The P+W and C/S label concept addresses a key challenge of the EPD, which is digestibility of information. An EPD offers 3rd party verified product ingredients and life cycle impact data, but in a long and dense format, and most designers won’t have time to dive into an EPD to find the relevant data. The product label proposed by P+W and C/S deftly summarizes key product-level impacts in a visually compelling format, but so far does not offer the same reassurance of 3rd-party verification of the data that we have with an EPD, and it does not specify the scope of the ecological impacts – which means product-to-product comparisons could be invalid if each manufacturer defines the scope differently.
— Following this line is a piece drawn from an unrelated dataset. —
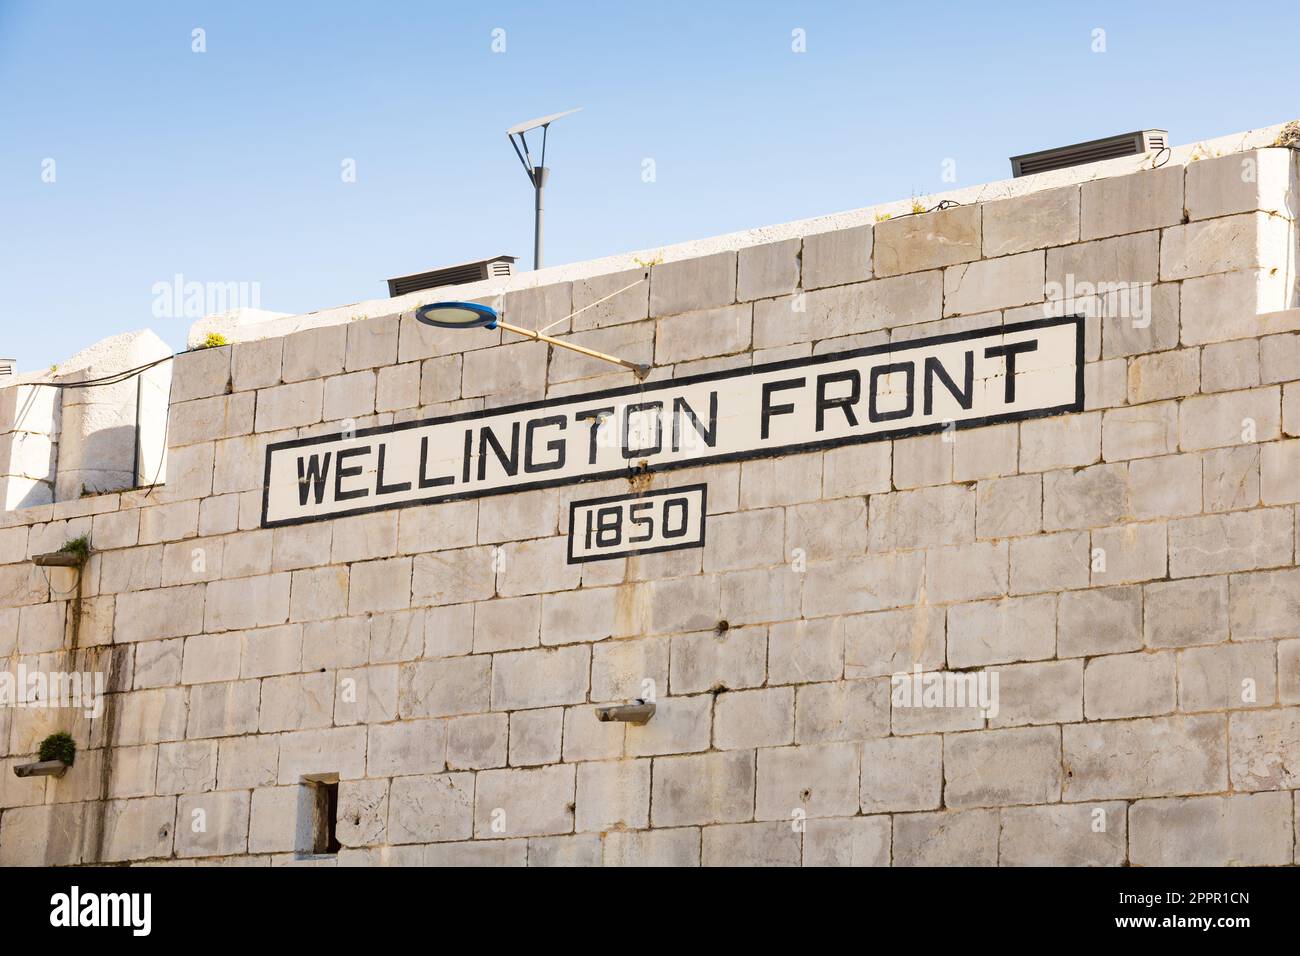 Wellington Front on the Line Curtain Wall, il territorio britannico d'oltremare di Gibilterra, la Rocca di Gibilterra sulla penisola iberica. Foto Stock
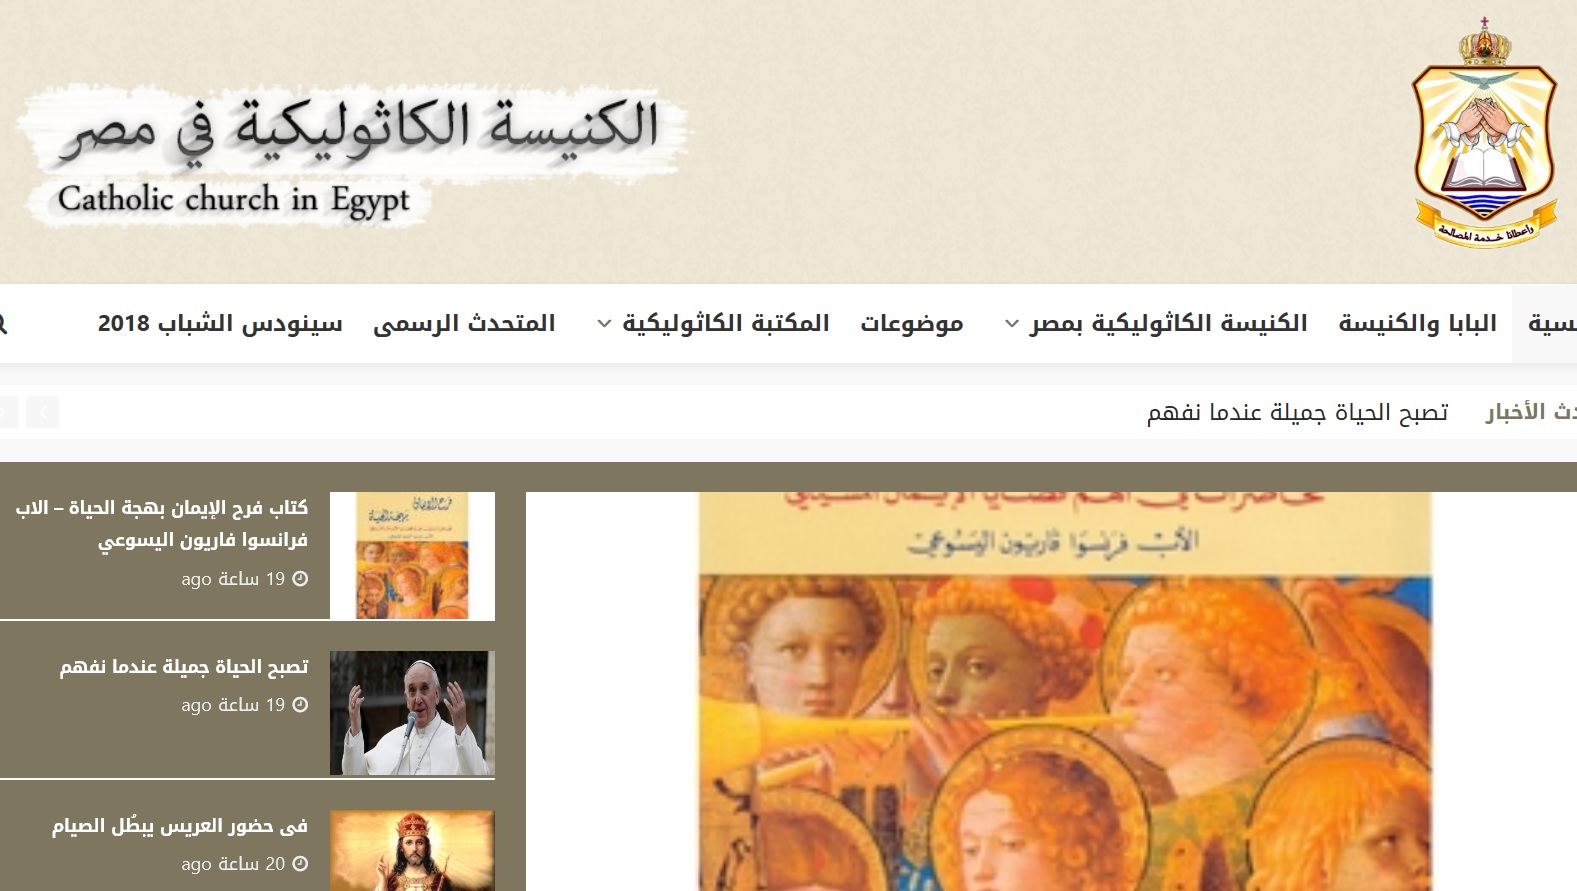 الموقع الإلكتروني للكنيسة الكاثوليكية بمصر

My teammates and I are passionate about elevating the role of transparency in the green building industry (read more here: http://bit.ly/nmzBg3 or here: http://bit.ly/nRIQ1G). I’m dreaming of an evolution where C/S and P+W’s graphically appealing summary of data would be based on an EPD, uniting the utility of accessibility and the robustness of 3rd party verification. Perhaps “what’s next” is about to arrive.
Lindsay James is the Director of Strategic Sustainability for InterfaceFLOR, where she is responsible for strategically leveraging and expanding Interface’s thought leadership in sustainability. She is passionate about the potential to harness our economic system to improve our natural systems.